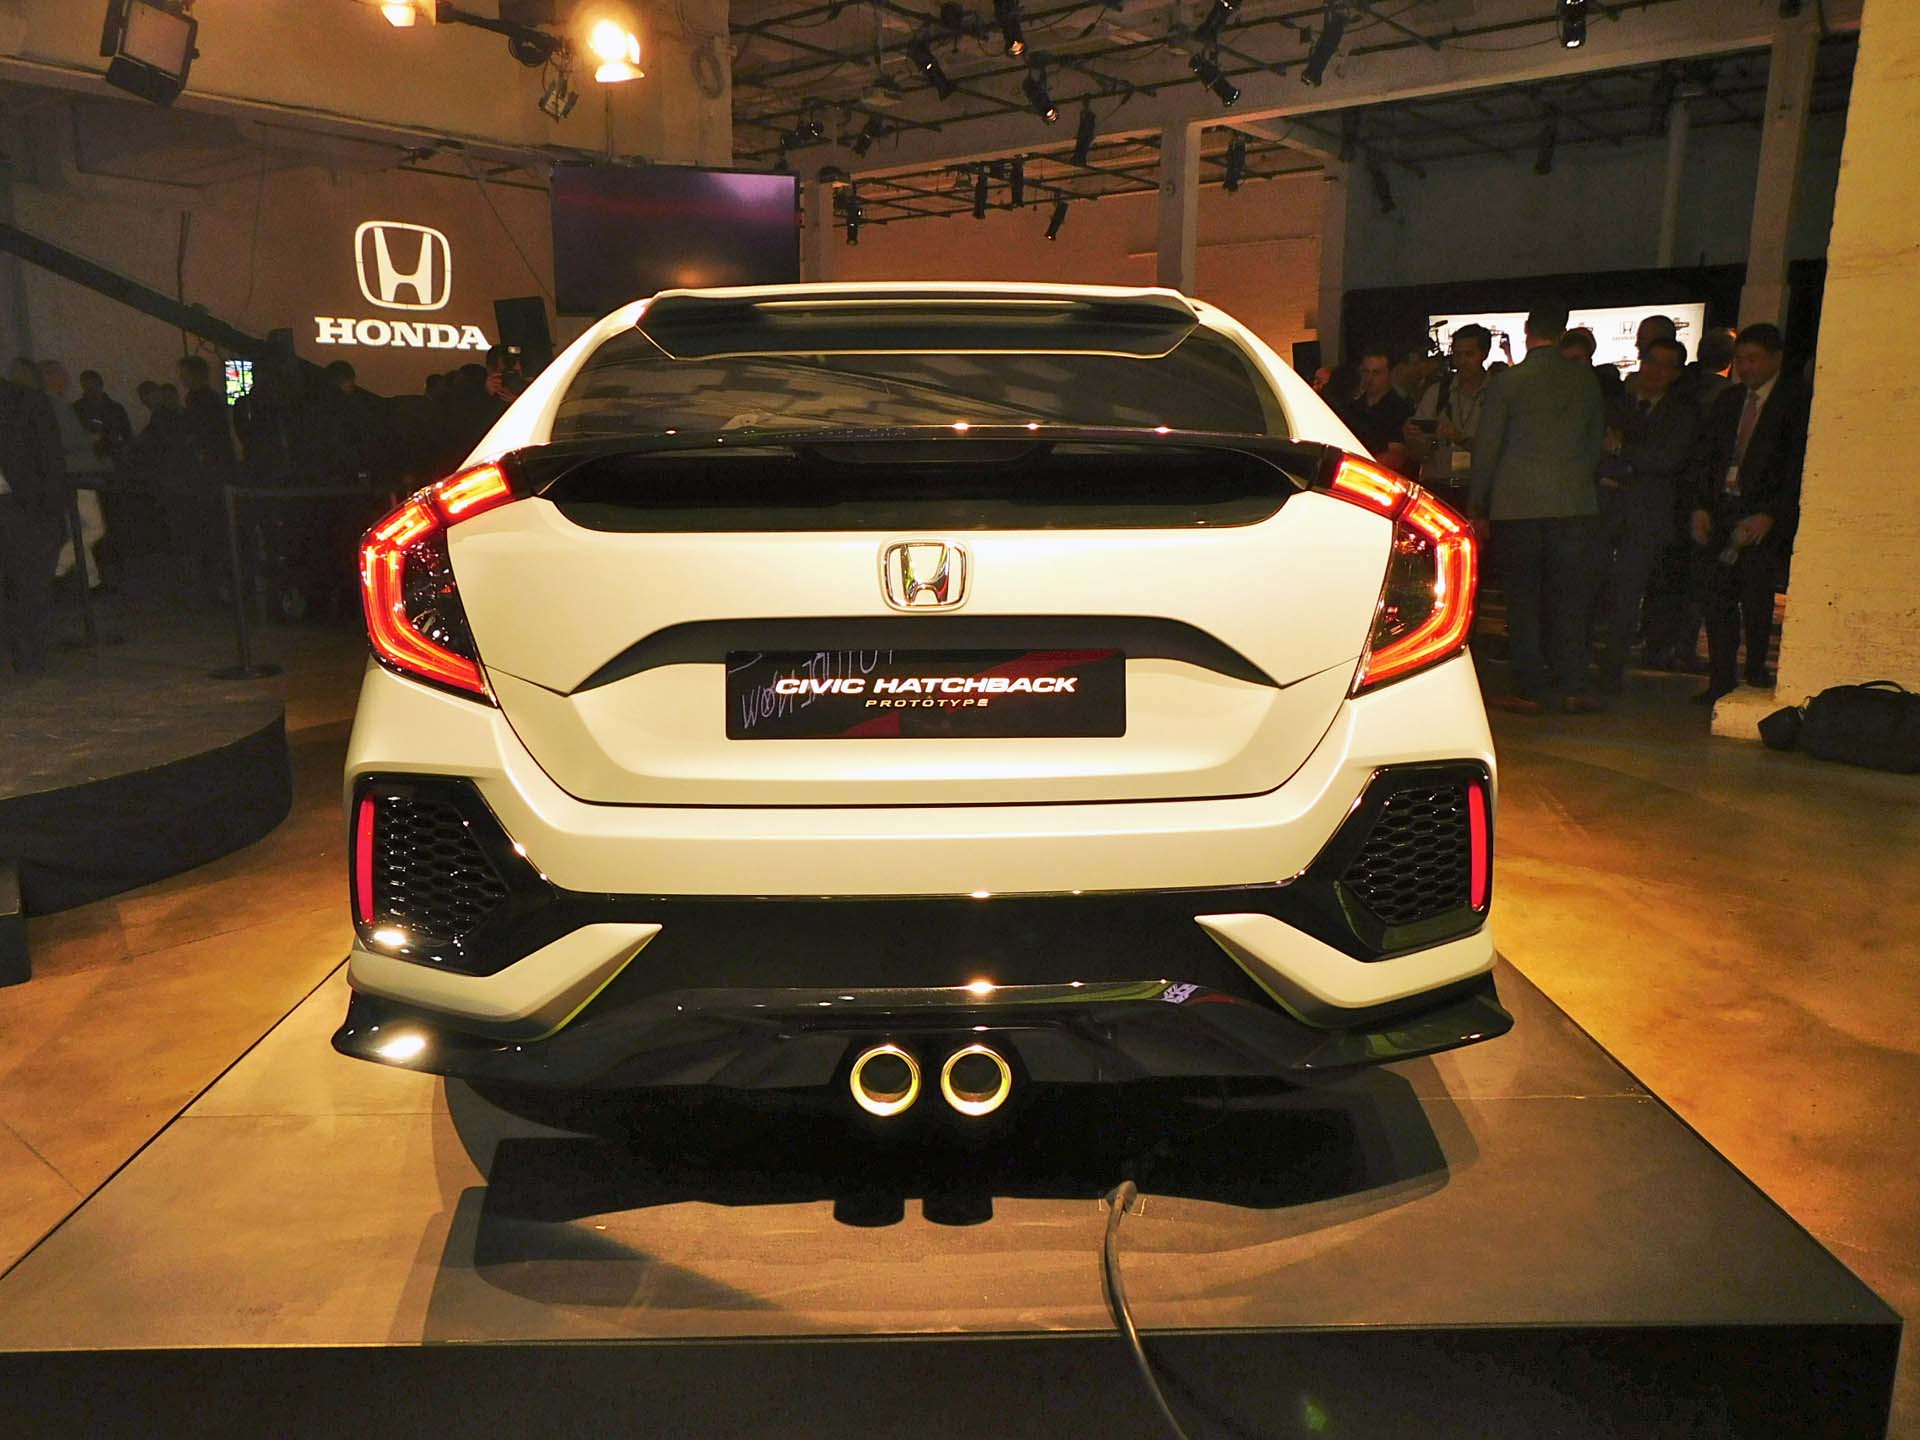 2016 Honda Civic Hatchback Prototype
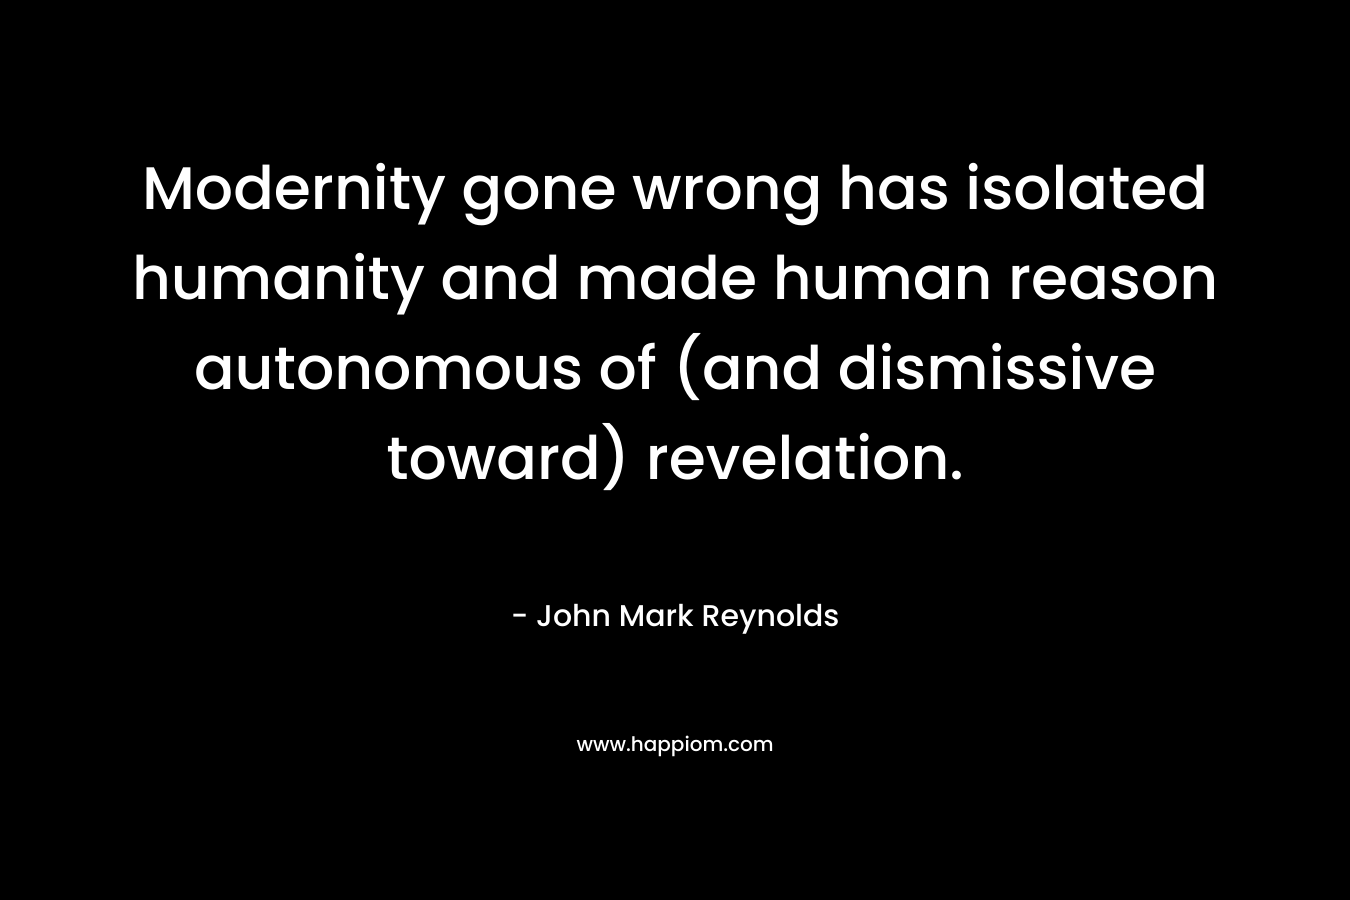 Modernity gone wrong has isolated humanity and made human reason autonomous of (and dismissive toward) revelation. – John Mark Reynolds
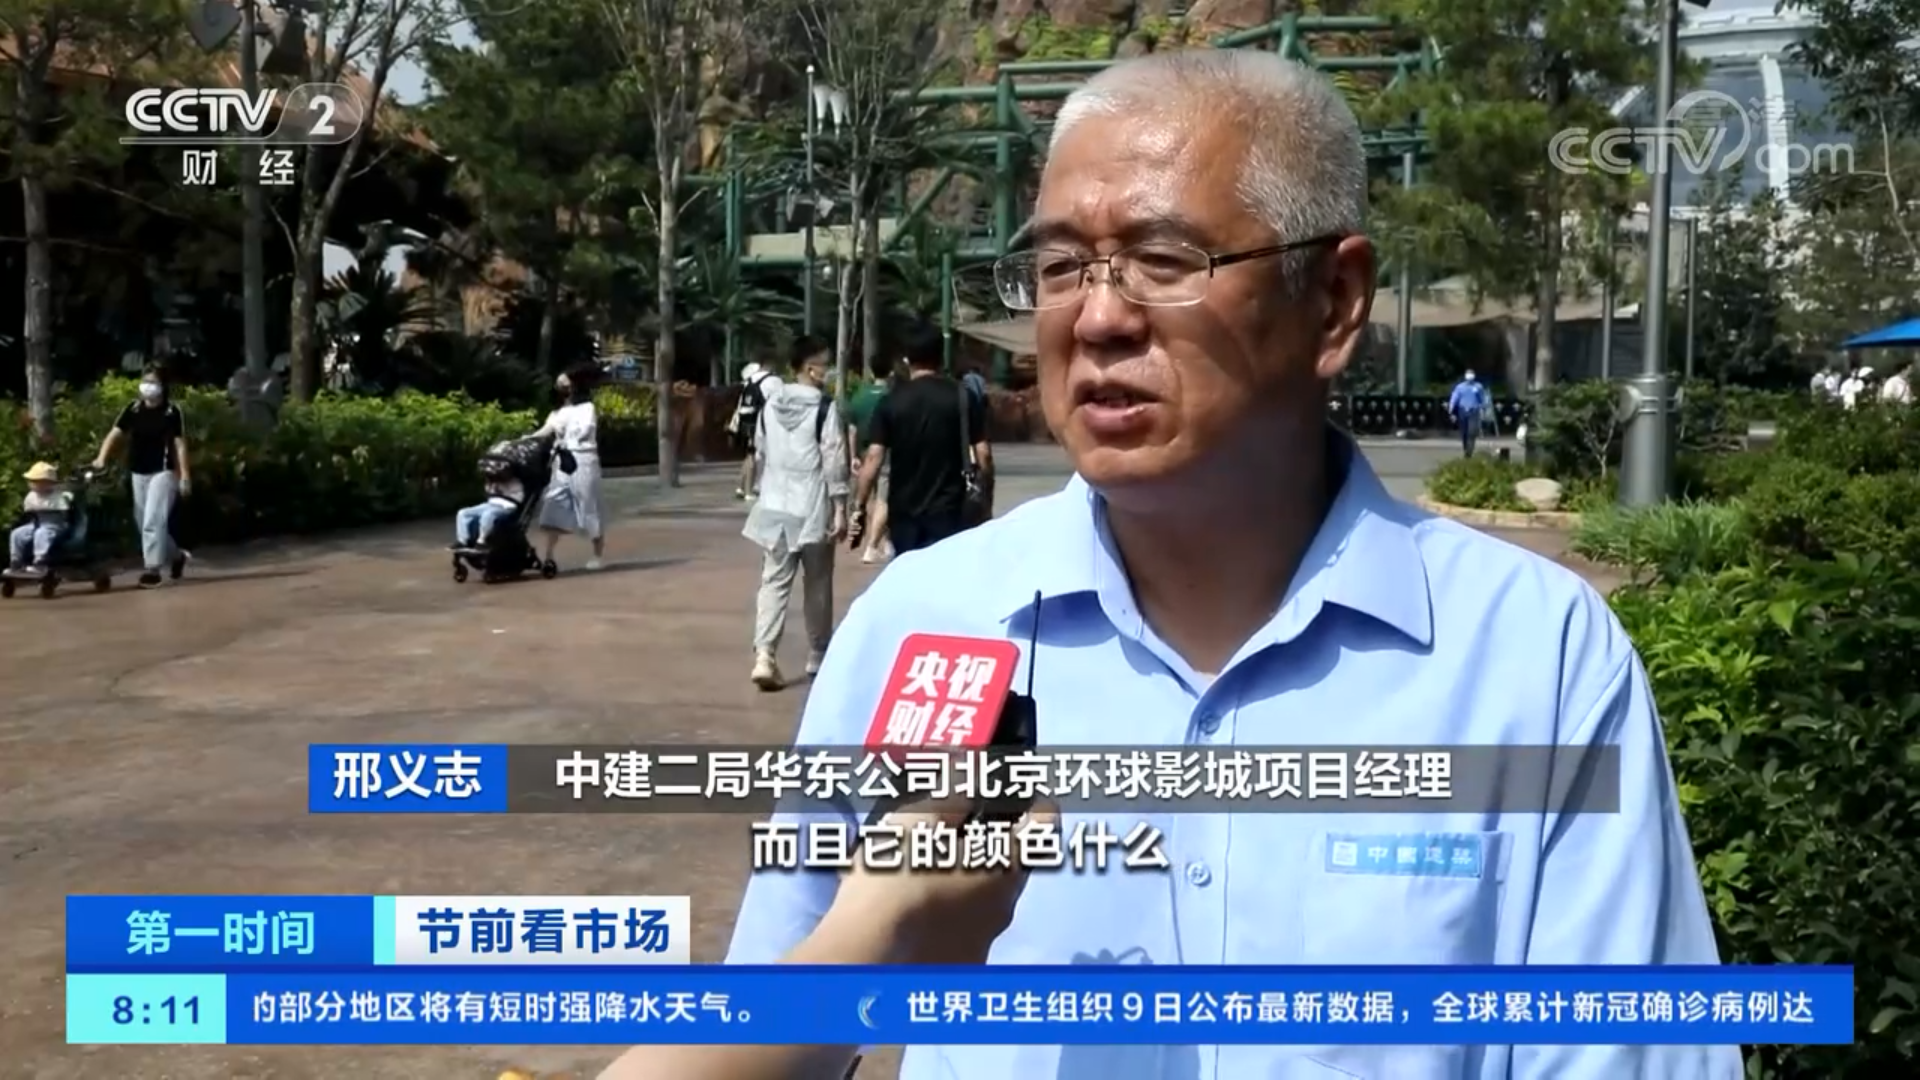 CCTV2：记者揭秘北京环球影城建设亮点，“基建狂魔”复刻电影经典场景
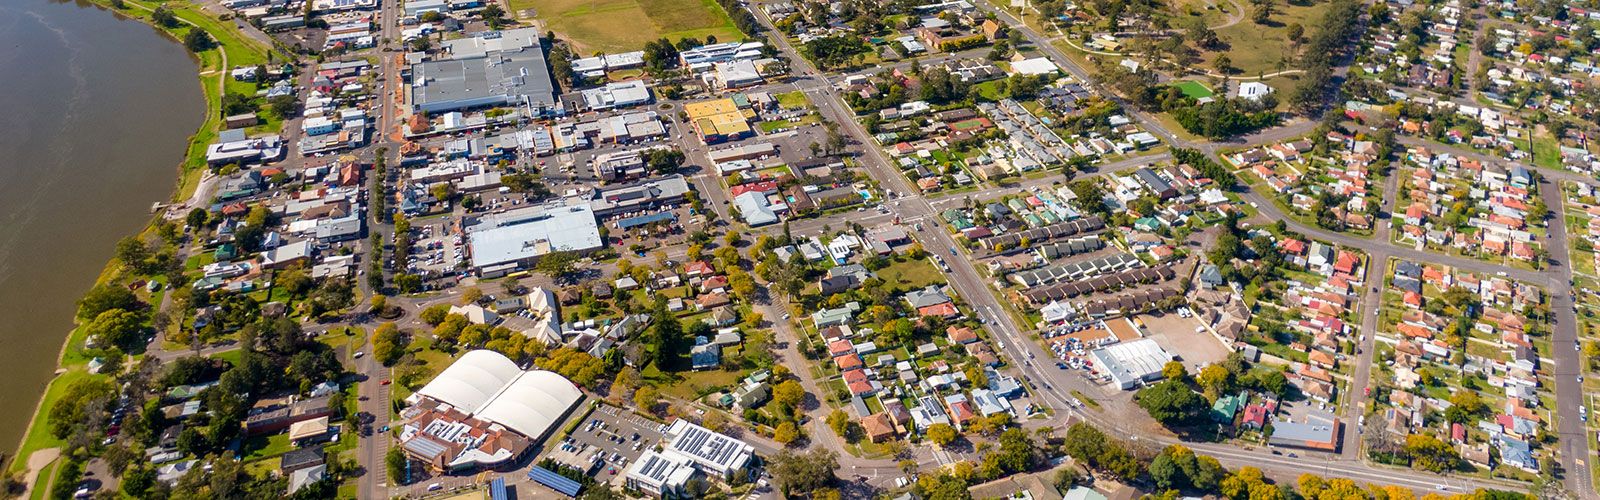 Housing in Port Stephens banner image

□ □ □

▶ _TASK OBJECTIVE_
Images are to be left out; everything else in the material must be written out exactly.

▶ _TASK SOLUTION_
 2016 Honda Civic Hatchback Prototype
 Modernity gone wrong has isolated humanity and made human reason autonomous of (and dismissive toward) revelation. – John Mark Reynolds
 CCTV2：记者揭秘北京环球影城建设亮点，“基建狂魔”复刻电影经典场景
 Housing in Port Stephens banner image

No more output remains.